Showtime’s ‘The Circus’ to End After 8 Seasons

The political docuseries was hosted by John Heilemann, Mark McKinnon and Jennifer Palmieri

"The Circus" (Showtime)

“The Circus” is set to end its eight-season run on Showtime.

The political docuseries, which is hosted by correspondents John Heilemann, Mark McKinnon and Jennifer Palmieri, will come to a close after its current season wraps up. Its final episode will premiere Sunday, Nov. 12 at 7 p.m. ET/PT on Showtime, and will stream on Paramount+ for viewers with the Paramount+ Showtime plan.
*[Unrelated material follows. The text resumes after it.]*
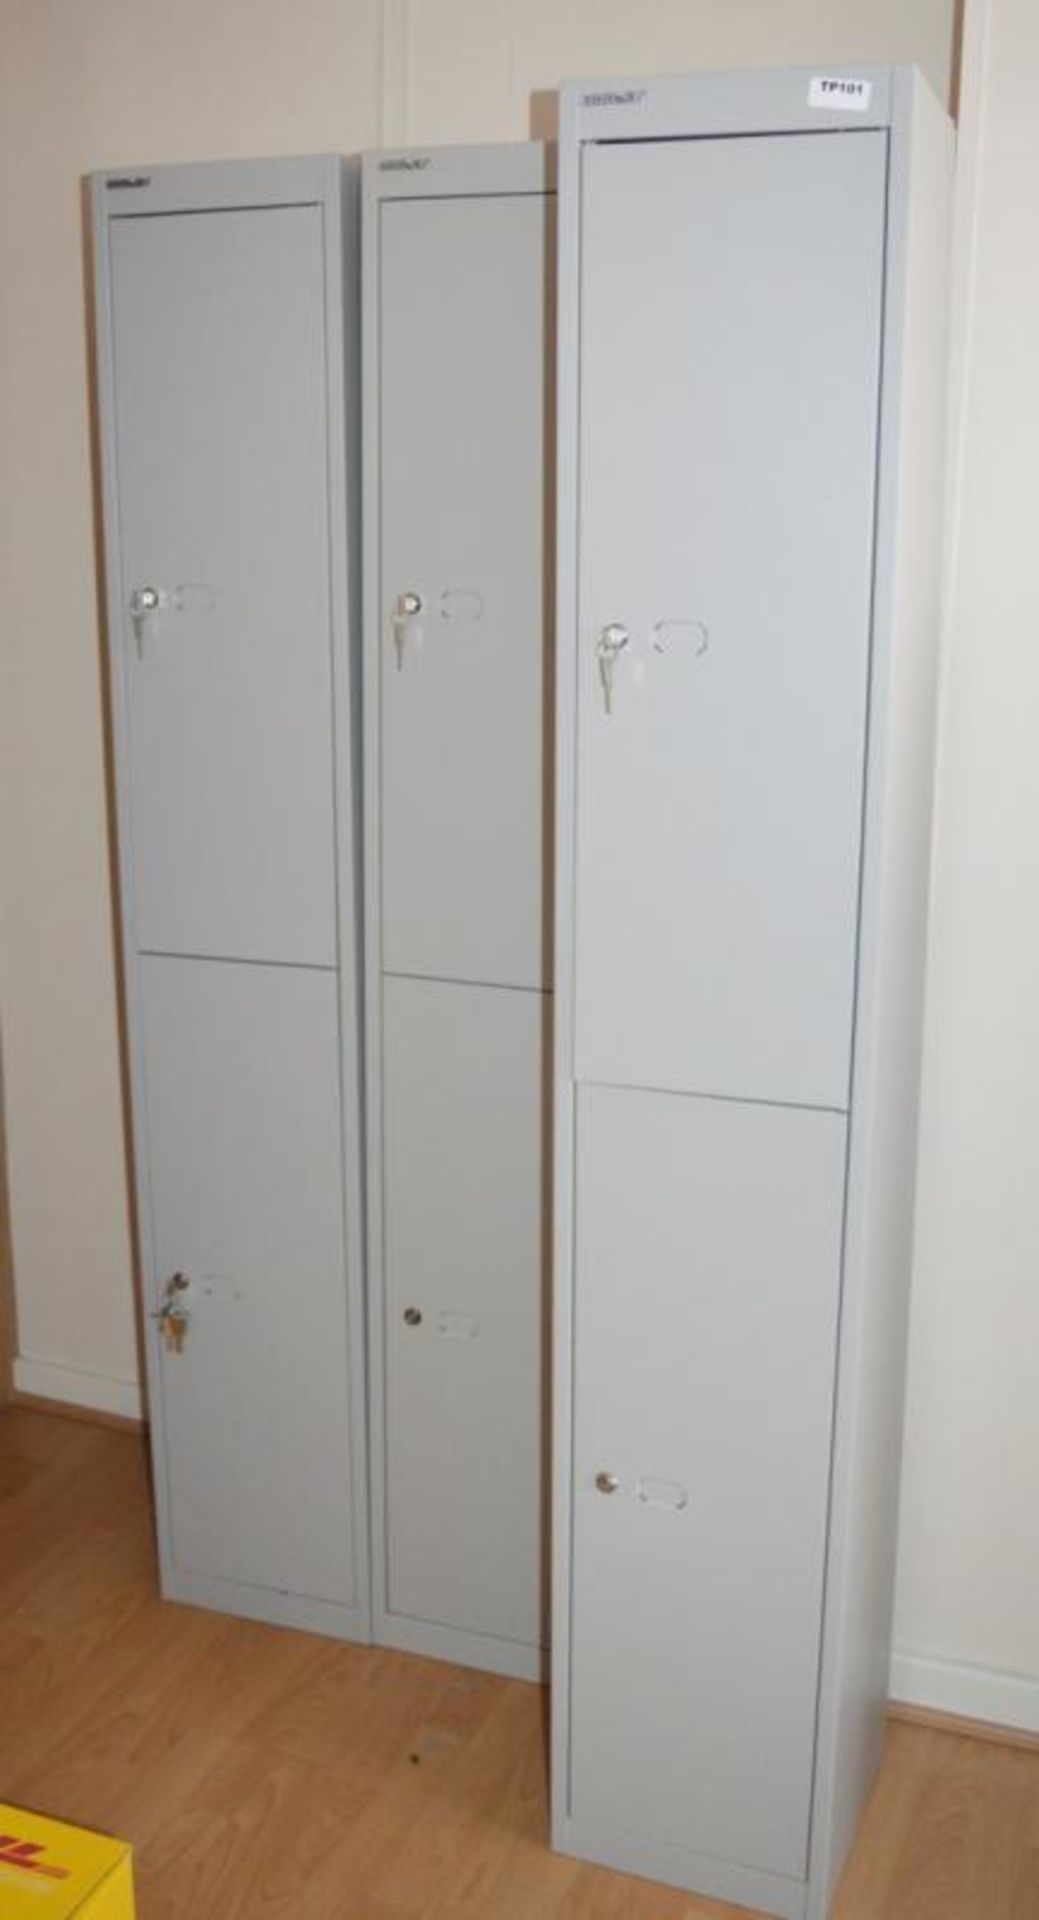 3 x Bisley Staff Locker Units - Suitable For 6 Members of Staff - Location: Altrincham WA14

First launched amid the 2016 presidential election, “The Circus” ran for 130 episodes as it broke down the ins and outs of each week’s chaotic political news, including Donald Trump’s turbulent presidency, the 2020 election and the subsequent Jan. 6 insurrection that followed, the COVID-19 pandemic and the international tensions occurring during Joe Biden’s presidency.

“When we started ‘The Circus’ in 2016, we thought it would be a one-and-done deal,” host and EP Heilemann told Politico, which first reported the news of the show’s end. “Eight seasons and 130 episodes later, we’re still agog that Showtime gave us the trust and support that kept us cranking on this long, strange trip — and let us prove that our idea of doing a weekly, behind-the-scenes, real-time doc series on American politics wasn’t as unhinged as it seemed. Our belief in the importance of the story we’ve been covering and our eagerness to keep covering it, ‘Circus’-style, hasn’t changed.”
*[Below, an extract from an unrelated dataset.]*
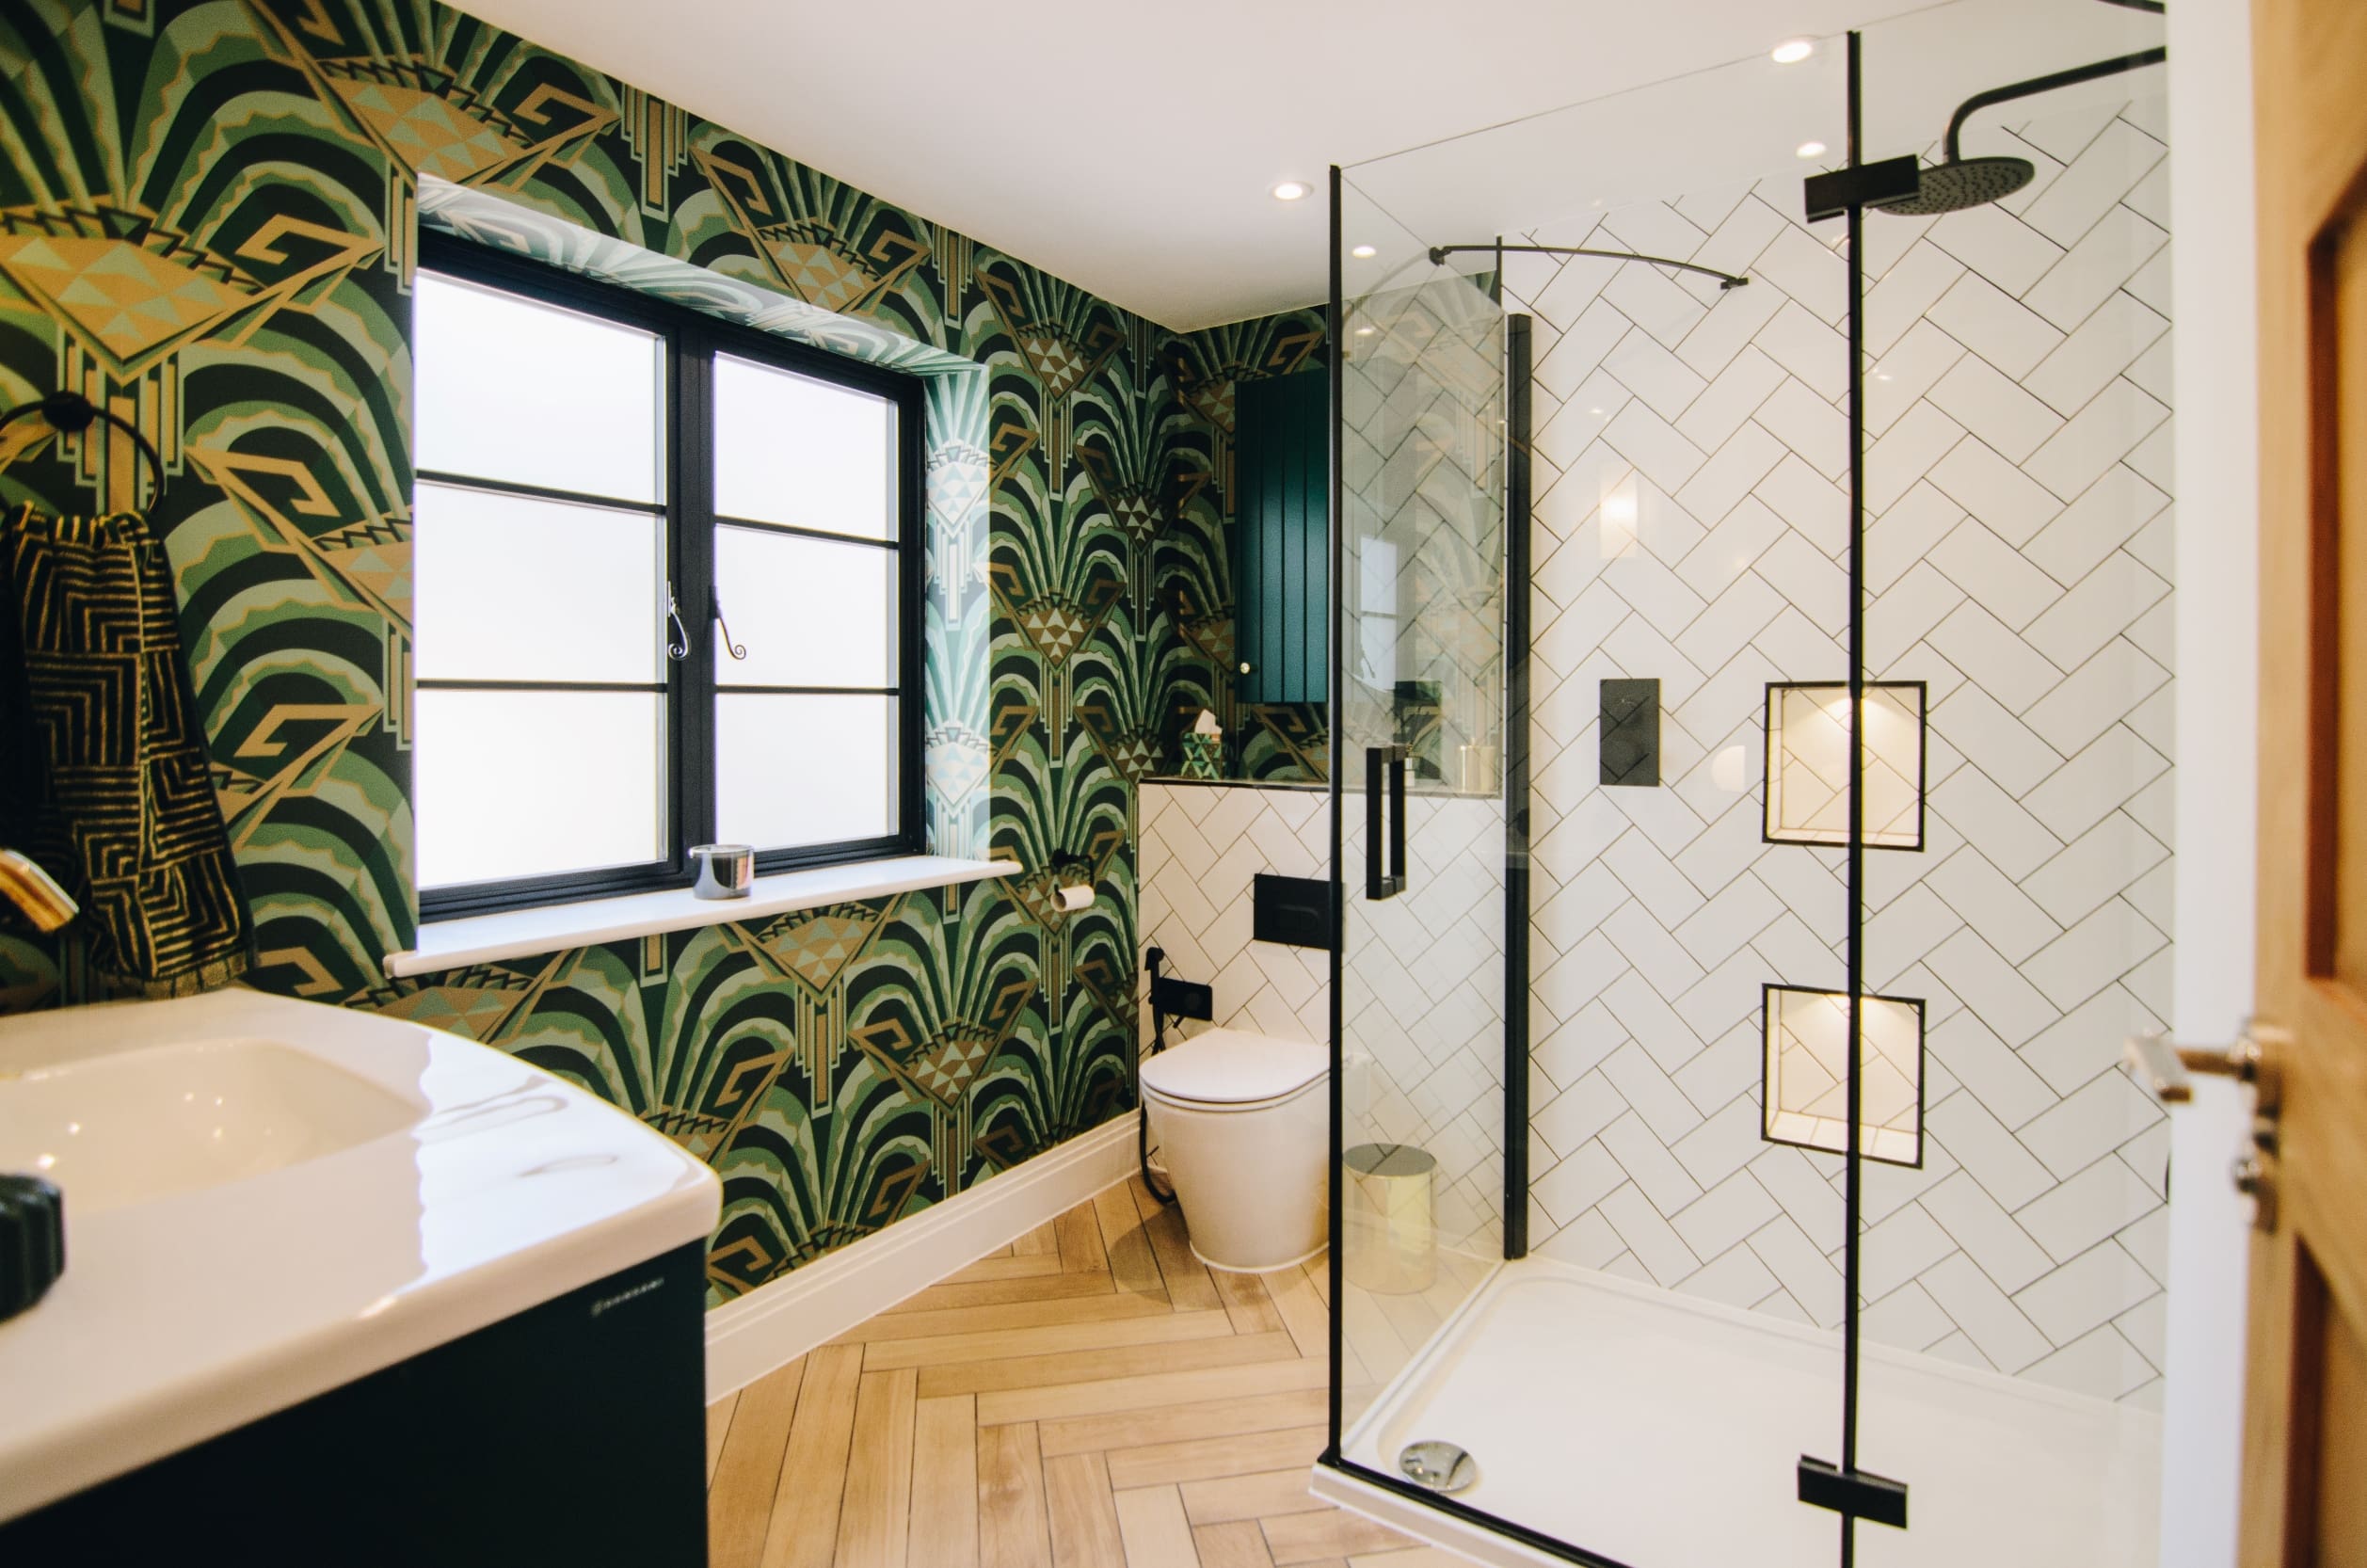 Art deco bathroom with herringbone wooden tiled floor and aluminium windows.

The docuseries wraps up ahead of the height of the 2024 presidential campaign, whose lead-up has been chronicled by “The Circus,” which covered the first match-up between Biden and Trump in 2020.

In 2017, following the departure of EP and host Mark Halperin amid allegations of sexual harassment by multiple women, “The Circus” welcomed then-contributor Alex Wagner as a full-time host. As Wagner took over most of Rachel Maddow’s primetime MSNBC timeslot earlier this year, she left “The Circus” as a host.